Artfully weaving together her mother’s poesiealbum
(autograph/poetry album), diary, and her own verse, Levy crafts a poignant portrait of her Jewish mother’s life in 1938 Nazi Germany that crackles with adolescent vitality. Chapters open with photo reproductions and translations of friends’ comments from 12-year-old Jutta Salzburg’s album. Mostly platitudes, they sharply contrast with Jutta’s frank view of increasing anti-Semitism. “Always honor your elders,” writes one friend, to which Levy (in Jutta’s voice) writes, “Always, Cilly?

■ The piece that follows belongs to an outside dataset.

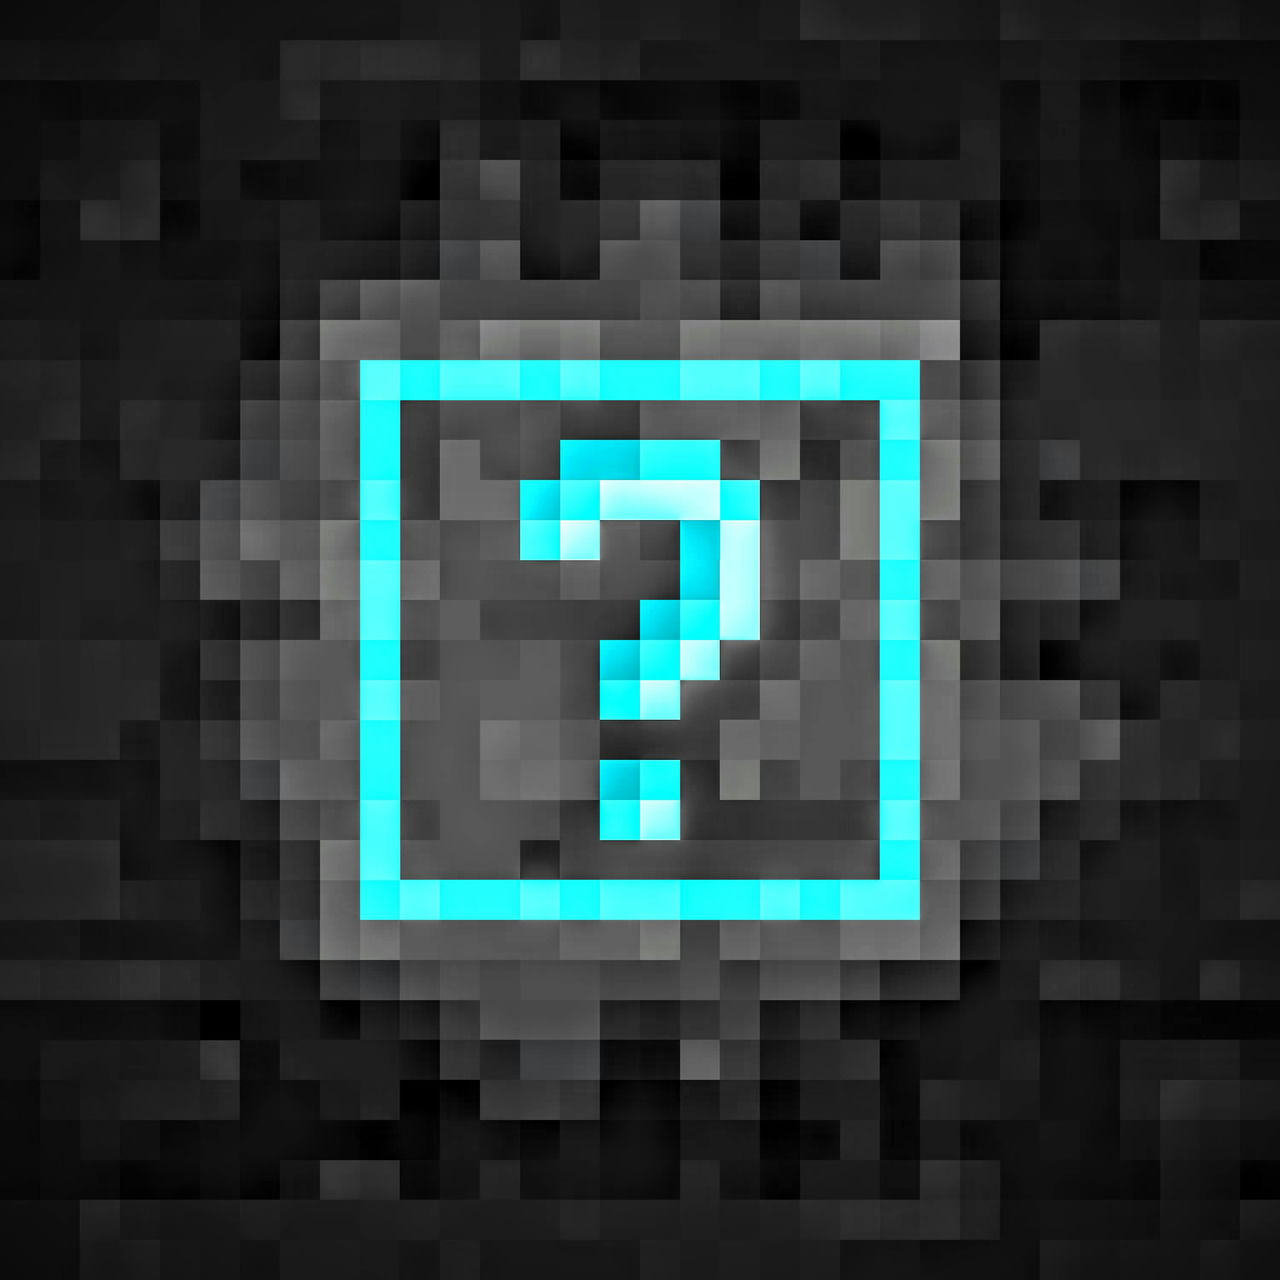 A square pixelated blue question mark

Always
?/ I should honor the Wahls,/ my parents’ friends,/ even after Herr Wahl/ stopped playing cards with Father?/ .... Hitler is my elder.” Levy creates a three-dimensional snapshot of this year of upheaval, from sweet family life to the sorrow of losing friends and the terror of seeing her father threaten to jump out of an official’s window if his family doesn’t obtain visas. They do and immigrate to the U.S., but many of Jutta’s friends and family do not survive, as Levy’s sober afterword relates. While abstaining from horrific details, this book clearly presents key historical events, and more importantly, their direct impact on a perceptive girl. Ages 10–up. (Mar.)